Abstract:The task of Reading Comprehension with Multiple Choice Questions, requires a human (or machine) to read a given passage, question pair and select one of the n given options. The current state of the art model for this task first computes a question-aware representation for the passage and then selects the option which has the maximum similarity with this representation. However, when humans perform this task they do not just focus on option selection but use a combination of elimination and selection. Specifically, a human would first try to eliminate the most irrelevant option and then read the passage again in the light of this new information (and perhaps ignore portions corresponding to the eliminated option). This process could be repeated multiple times till the reader is finally ready to select the correct option. We propose ElimiNet, a neural network-based model which tries to mimic this process. Specifically, it has gates which decide whether an option can be eliminated given the passage, question pair and if so it tries to make the passage representation orthogonal to this eliminated option (akin to ignoring portions of the passage corresponding to the eliminated option).

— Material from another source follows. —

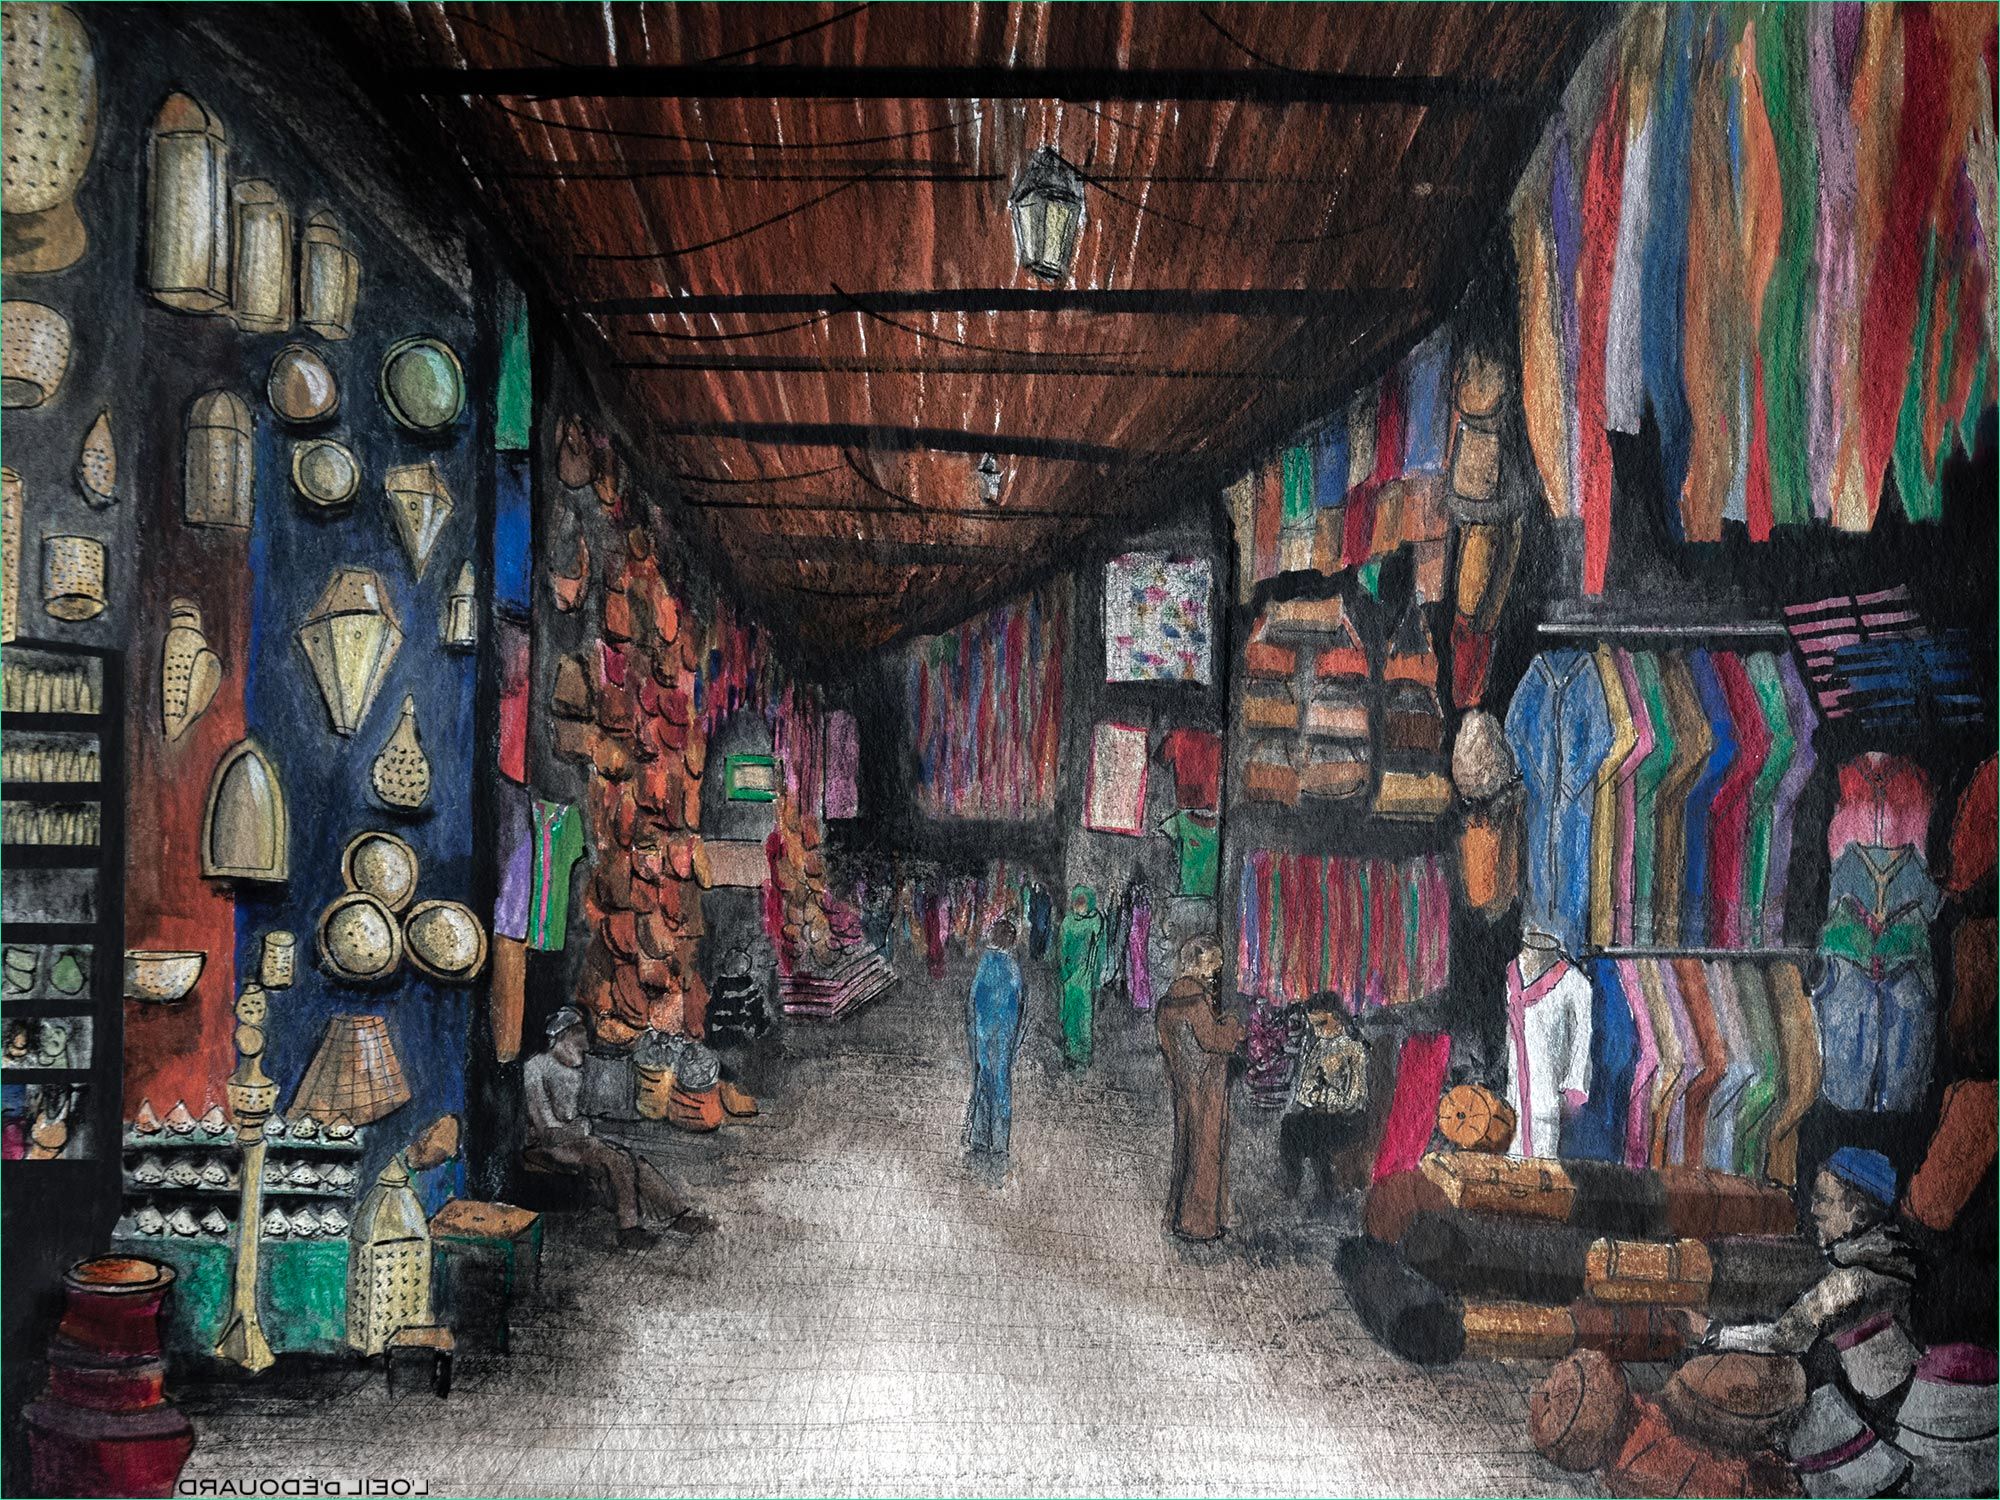 Maroc Dessin Beau Galerie Balade Dans La MÉdina Et Les souks De Marrakech Blog

The model makes multiple rounds of partial elimination to refine the passage representation and finally uses a selection module to pick the best option. We evaluate our model on the recently released large scale RACE dataset and show that it outperforms the current state of the art model on 7 out of the $13$ question types in this dataset. Further, we show that taking an ensemble of our elimination-selection based method with a selection based method gives us an improvement of 3.1% over the best-reported performance on this dataset.